Er hat zwei offizielle Ehefrauen und 14 Kinder. Frauen sollen den Schleier tragen, sagt er, damit die Männer nicht erregt werden und es zu Vergewaltigungen kommt. Ein Parteikindergarten: Überall im Staat betreibt die PAS solche Erziehungsanstalten. Die Kinder lernen erstes Rechnen und Lesen. Und natürlich, so sagt man uns, werden hier islamische Werte eingeübt. Gemischte Klassen sind erlaubt, weil die Kinder noch so klein sind. Warum aber der Schleier für vierjährige Mädchen? Es wäre keine Sünde, wenn sie nicht die Schleier trügen, sagt der PAS-Mann. Aber wir gewöhnen sie frühzeitig daran, damit sie nicht später darunter leiden.
In der Moschee lernen die Kinder, wie man sich zum Beten richtig hinstellt und wie man die Hände halten muss. Die Einhaltung von Regeln wird immer bedeutsamer im Islam Südostasiens. Die malayischen Moslems galten für Jahrhunderte als besonders liberal, sanft und tolerant. In den letzten Jahrzehnten erst wächst in Malaysia der Ruf nach Einführung der Sharia, des islamischen Rechts. Eine Reihe von PAS-Funktionären hat uns zum Kindergarten begleitet. Einer von ihnen hatte uns gesagt, er habe einen Gesetzentwurf zur Einführung islamischen Rechts verfasst. Aber jetzt will er nicht darauf angesprochen werden. Später, später, sagt er. Später wird uns klar, wo die Gründe liegen für solch seltsame Geheimniskrämei.
Löwentanz für den islamischen Regierungschef: Hadi, auf Goodwill-Reise durch seinen Staat, umwirbt Angehörige der chinesischen Minderheit in Terengganu mit demonstrativen Zeichen der Toleranz. Die chinesische Minderheit nämlich hat Angst vor den Plänen der PAS. Zwar soll das islamische Recht nur für Moslems gelten, aber schon heute sind Nachtclubs und Spielcasinos generell verboten, Alkohol-Ausschank eingeschränkt. Um die Minderheiten und auch die gemäßigten Moslems im Land nicht zu verschrecken, hat die PAS die Sharia-Einführung erst einmal vertagt. Stattdessen: Geschenke zum chinesischen Neujahrsfest.
Ein paar hundert Kilometer weiter südlich, in der Hauptstadt Kuala Lumpur findet man ein ganz anderes Malaysia. Hier gehen viele, aber längst nicht alle Moslem-Frauen verschleiert. Chinesen und Inder, meist Christen, Hindu oder Buddhisten, stellen ein gutes Drittel der Bevölkerung. Wenn die PAS hier gewählt werden will, muss sie sich gemäßigt geben. Hand auf zum Gebet: Seit über zwanzig Jahren führt Mahatir Mohammad die Zentralregierung von Malaysia. Vor dieser Diskussion mit dem Premierminister betet der ganze Saal. Selbst der Mann an der live-Kamera. Auch in der Hauptstadt haben islamische Frömmigkeit und Fundamentalismus mehr und mehr Zulauf.

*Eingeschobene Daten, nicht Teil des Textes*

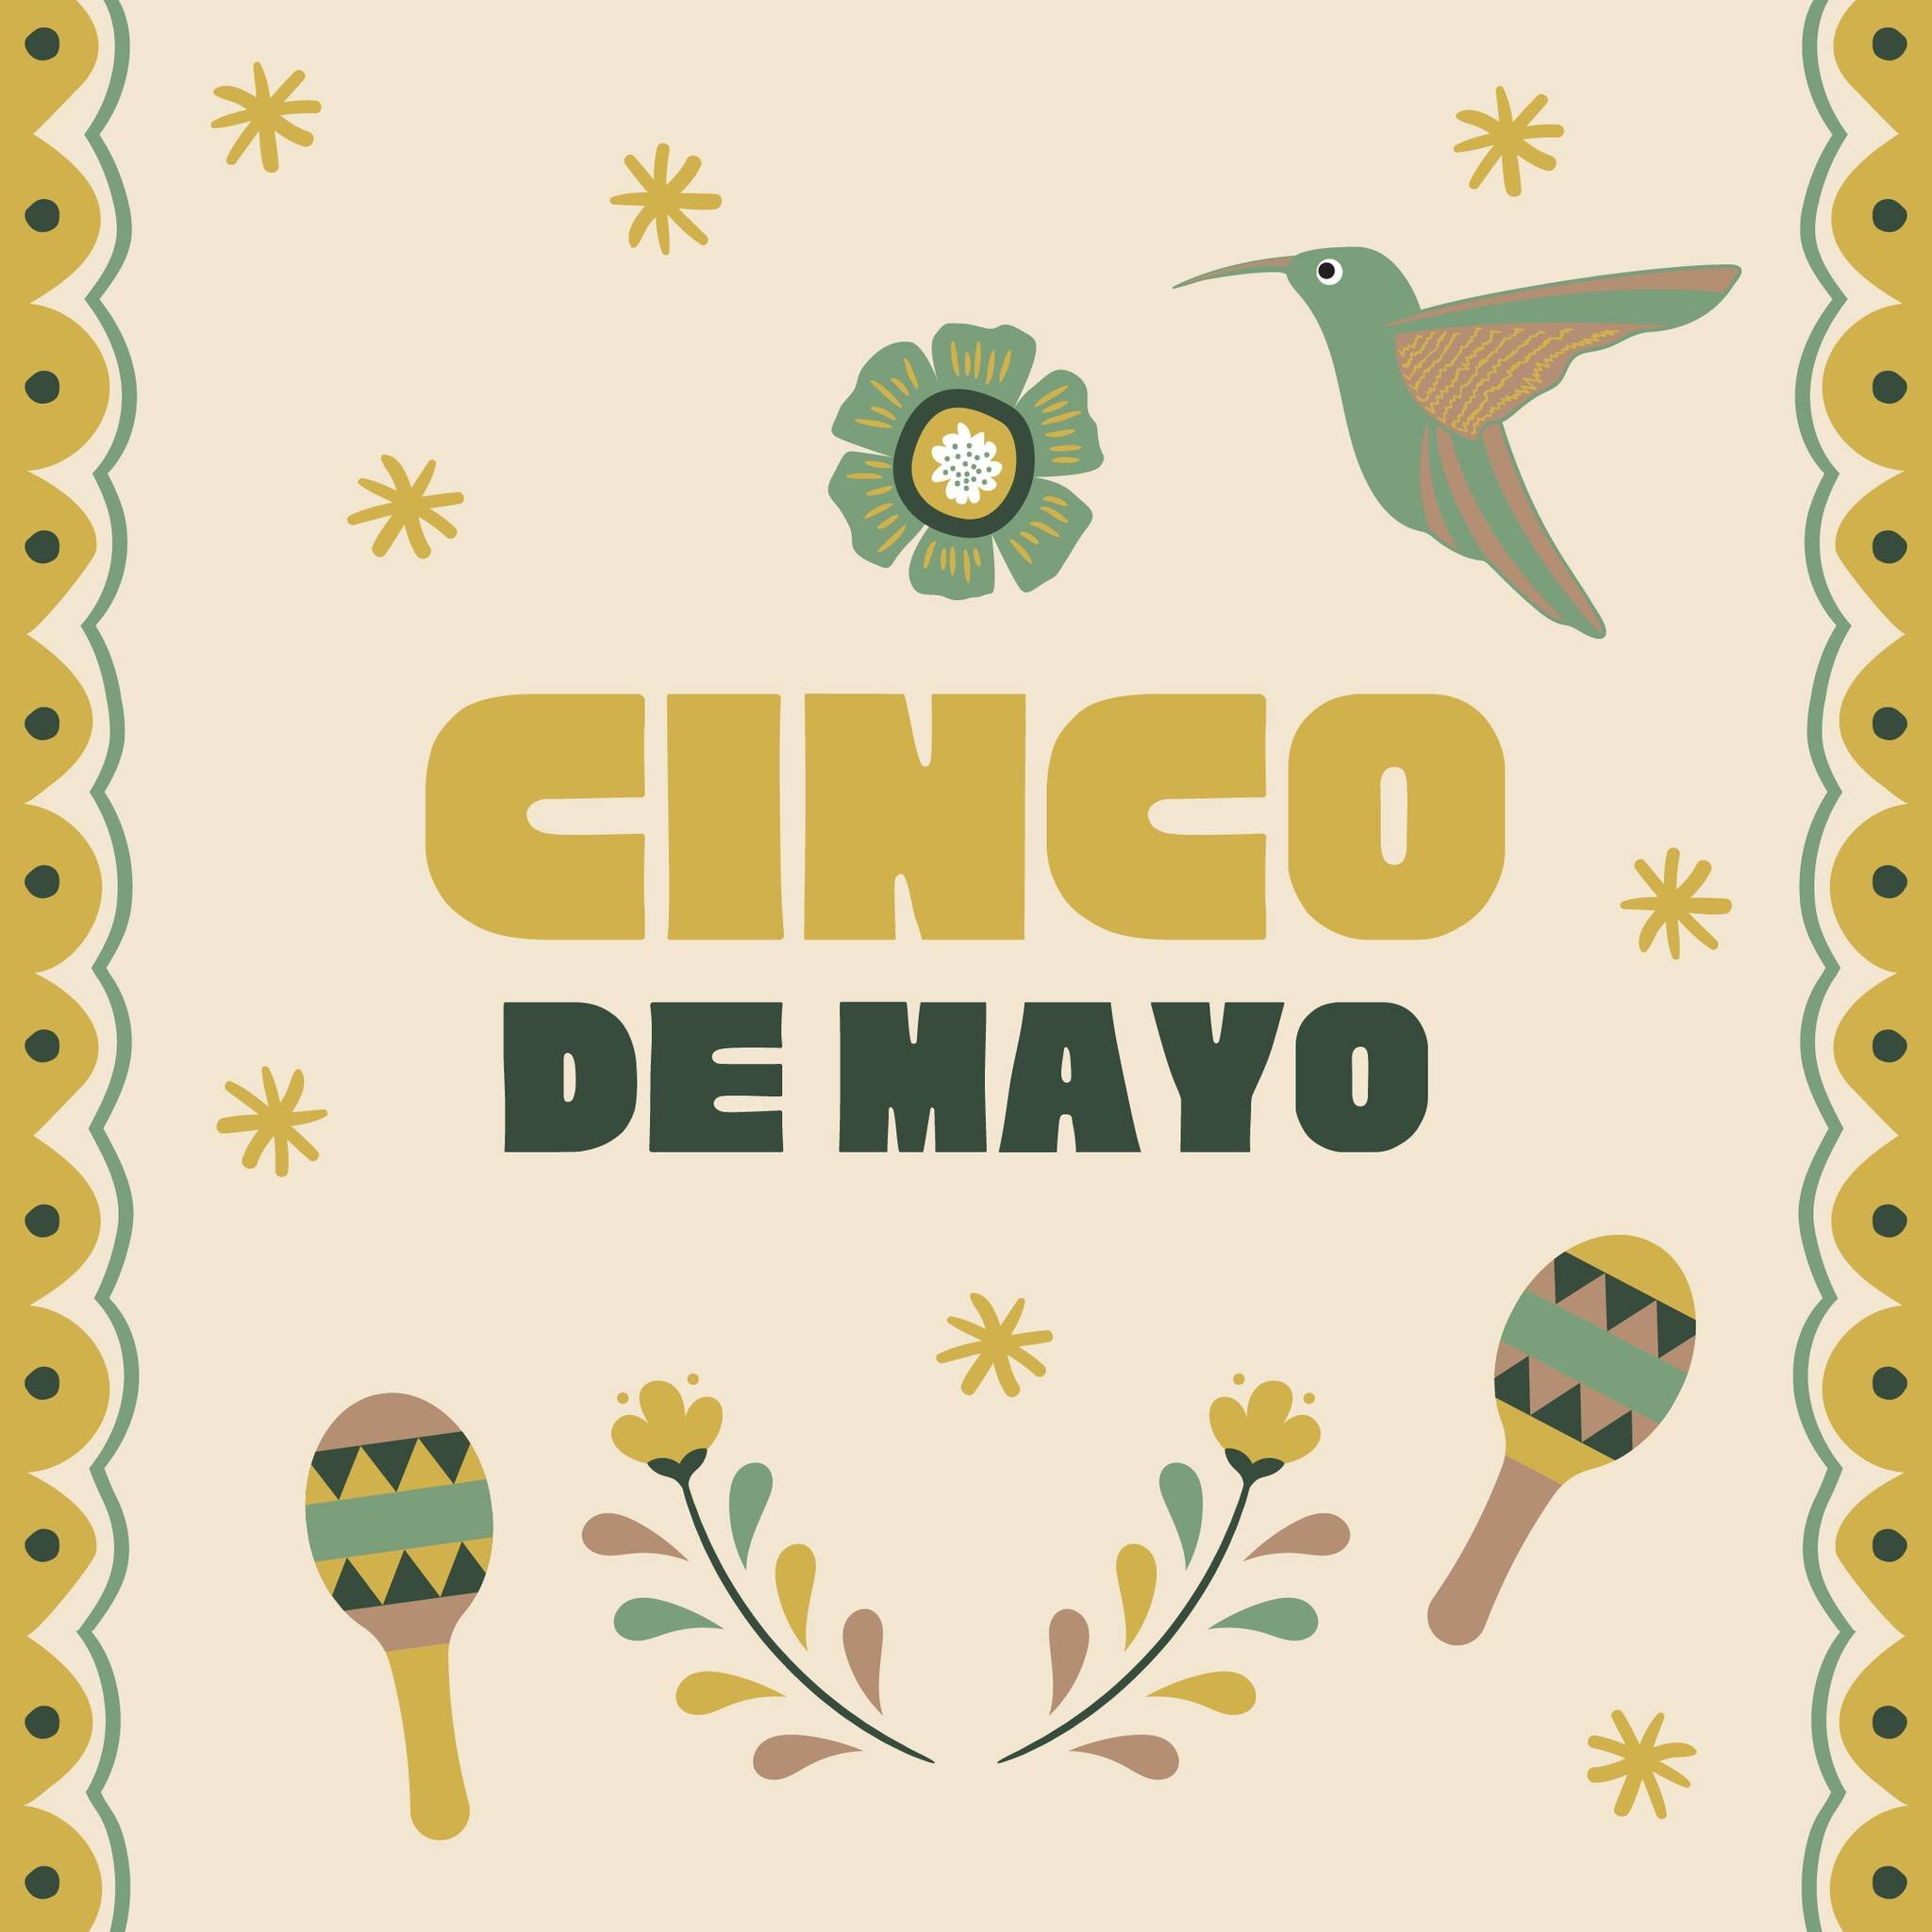 We hope everyone has a fun Cinco de Mayo and enjoys the day. #cincodemayo #cincodemayo2023

Für Mahatir bedeutet das - in Umkehrung der PAS-Taktik - dass er sich immer "islamischer" präsentieren muss, um moslemische Wähler zu halten. Das neue Regierungsviertel von Kuala Lumpur bietet eine Mischung aus Religiosität und Größenwahn. Hier versucht Mahatir seine Vision des modernen Malaysia darzustellen. Tatsächlich kann sein Land zu weiten Teilen als gelungenes Entwicklungsmodell gelten. Gleichzeitig trägt die Herrschaft des "Doktor M." wie man ihn hier nennt, durchaus autokratische Züge. Er hat lange nicht nur die islamischen Fundamentalisten in Schach gehalten, sondern auch die Ansätze einer liberalen Opposition im Land unterdrückt. Im Herbst wird er abtreten.
Zurück in Terengganu. Der geistliche Regierungschef hat seine Predigt beendet. Für ihn ist Mahatir nicht nur ein politischer Gegner, sondern grundsätzlich ein "Feind des Islam". Die fundamentalistische PAS des Hadi Awang ist die einzige gut organisierte und große Oppositionspartei gegen die herrschende autokratische Zentralregierung. Eine dritte Kraft ist nicht in Sicht. Das ist die politische Tragik Malaysias.